» **WORK INSTRUCTIONS**
Omit all pictures. Copy exactly the lines from the line containing "Роббена и Рибери" to the end of the listing, with both ends included.

» **EXERCISE DATA**
★ ★ ★ ★
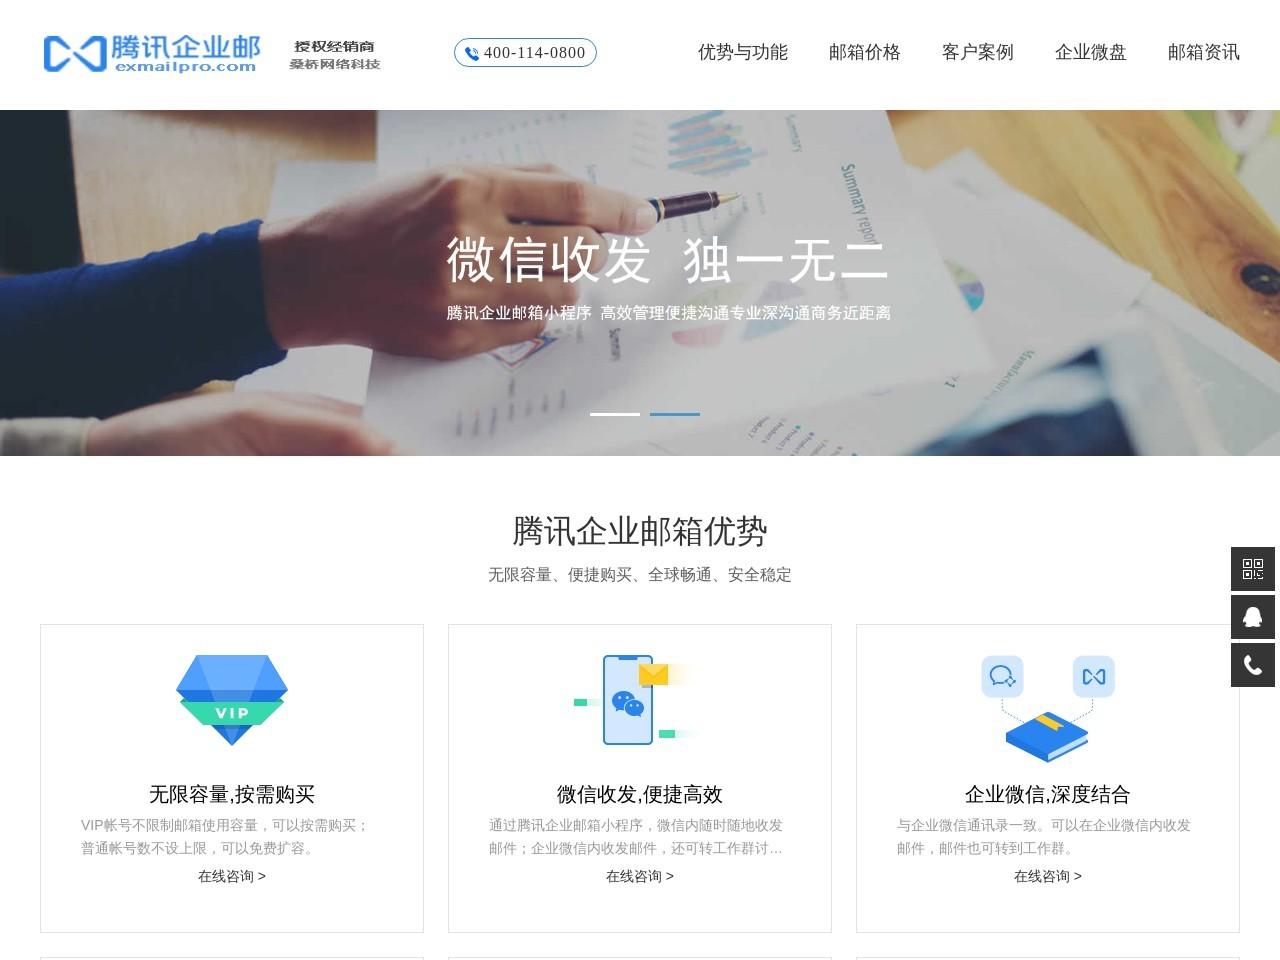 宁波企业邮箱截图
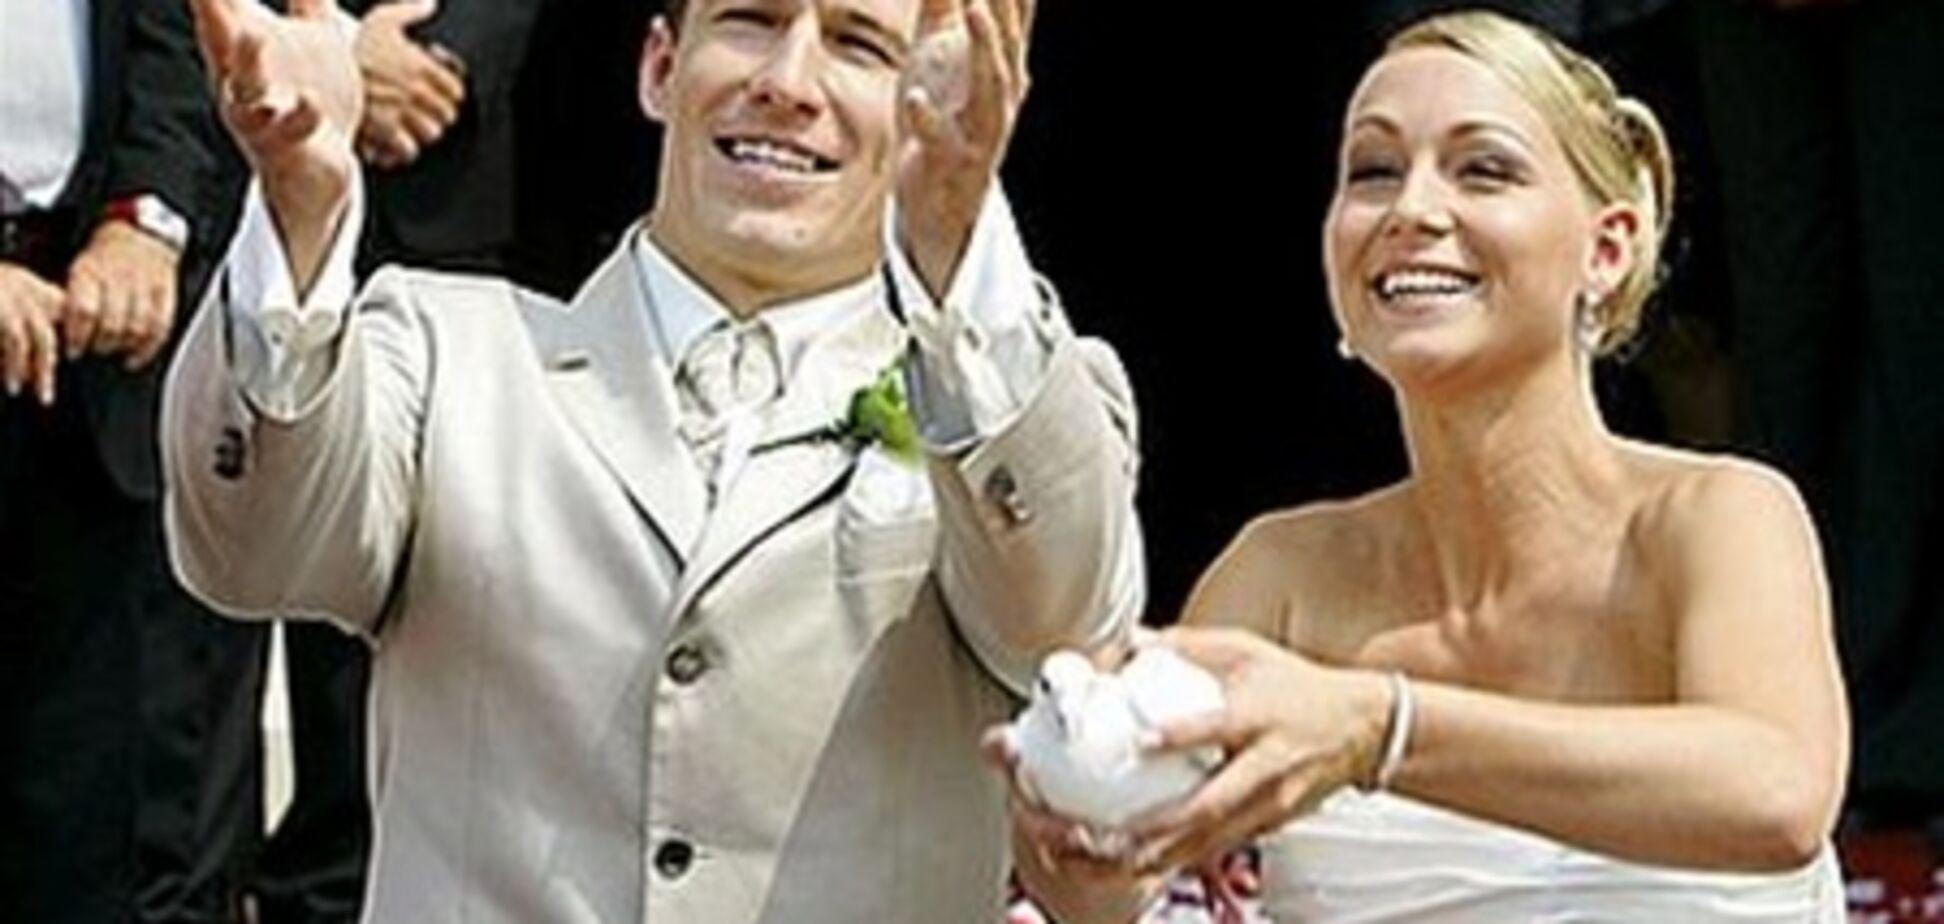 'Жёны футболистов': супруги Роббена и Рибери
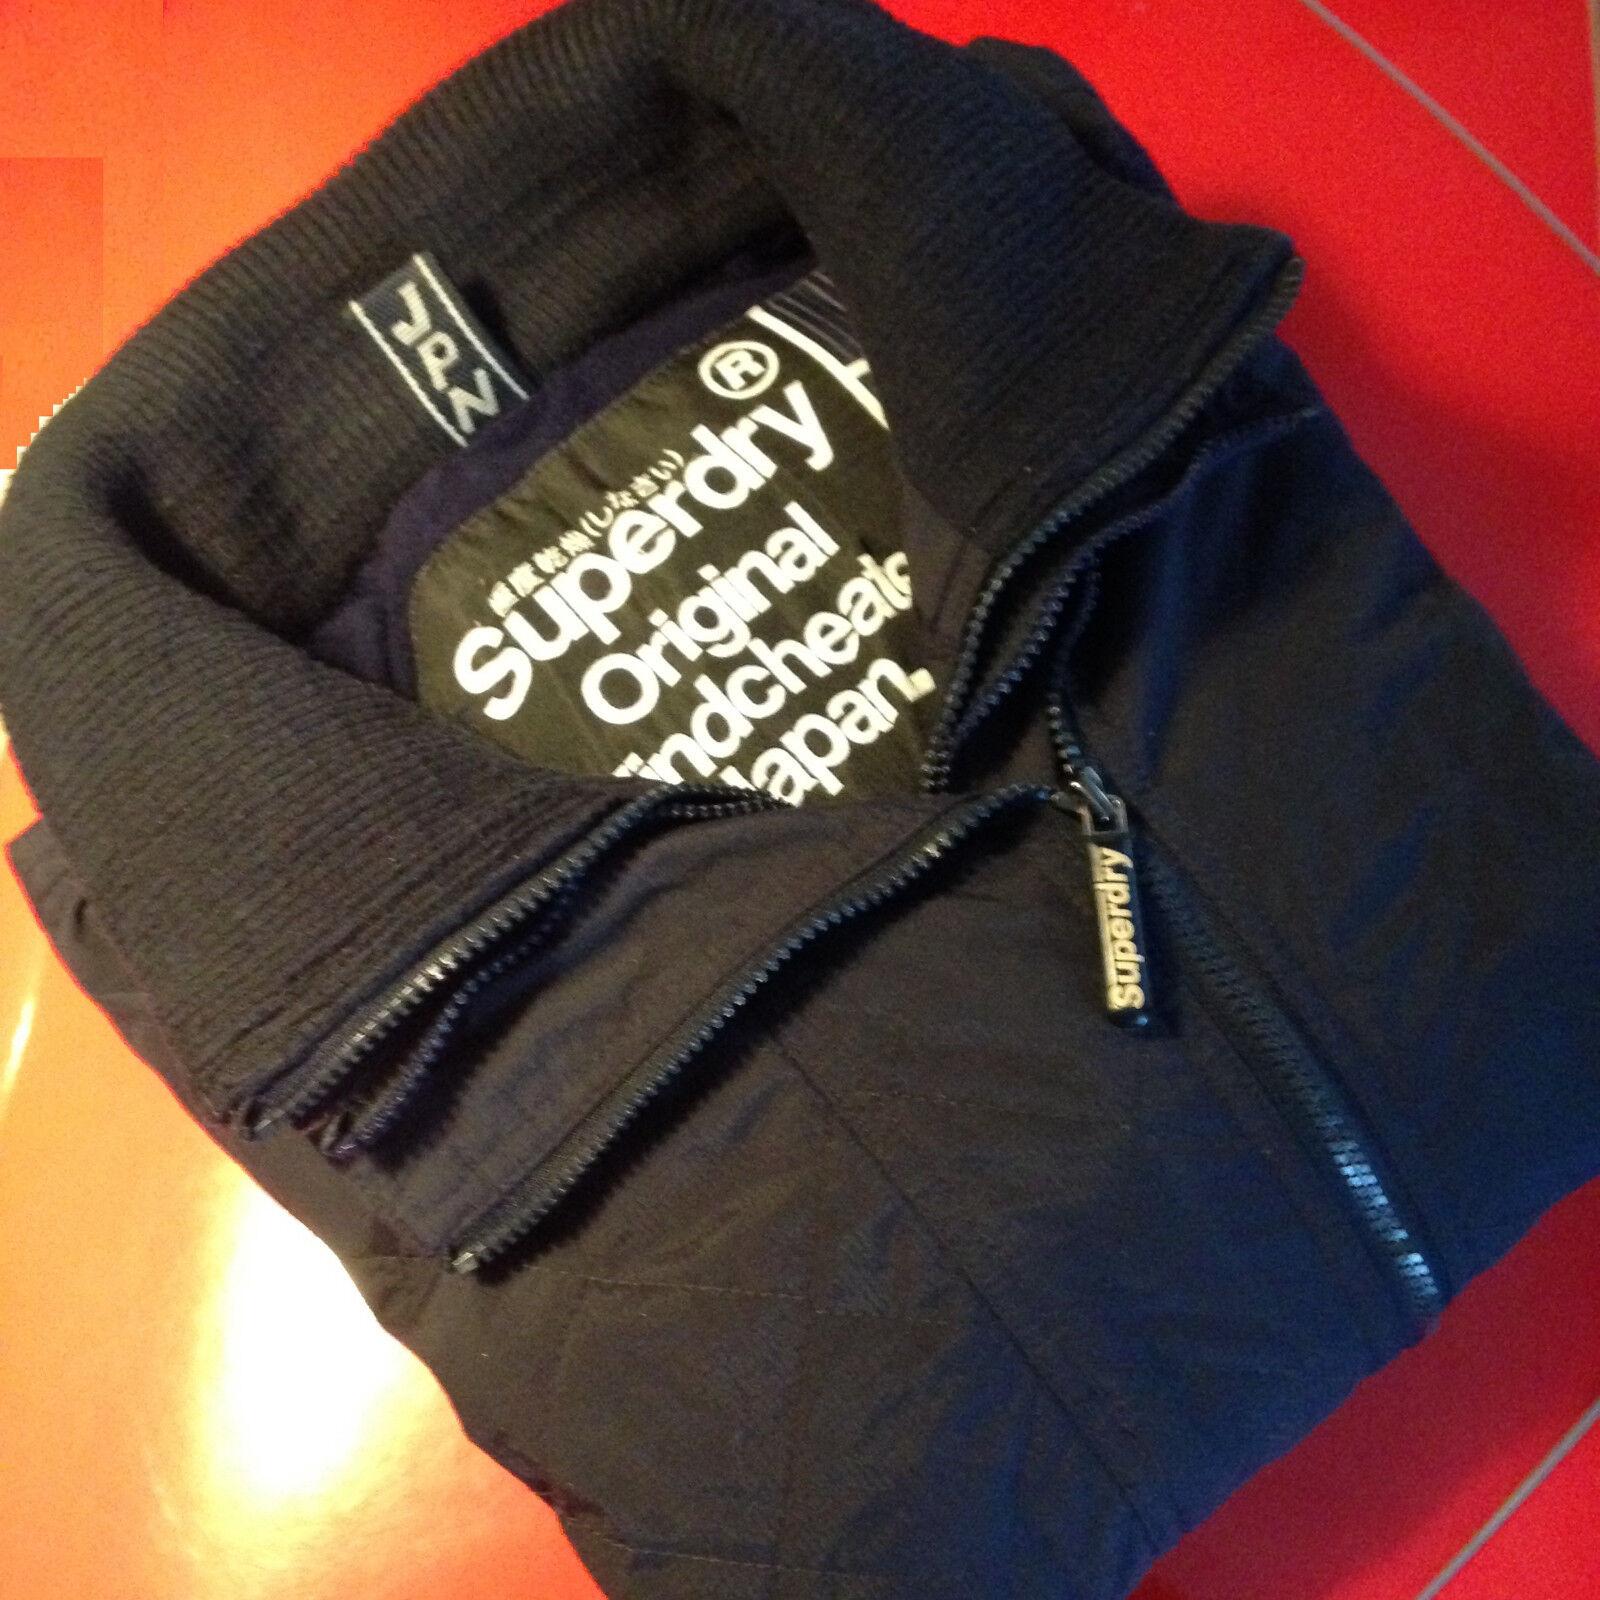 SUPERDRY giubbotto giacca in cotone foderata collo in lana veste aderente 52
★ ★ ★ ★
» **RESULT OF THE TASK**
 'Жёны футболистов': супруги Роббена и Рибери
 SUPERDRY giubbotto giacca in cotone foderata collo in lana veste aderente 52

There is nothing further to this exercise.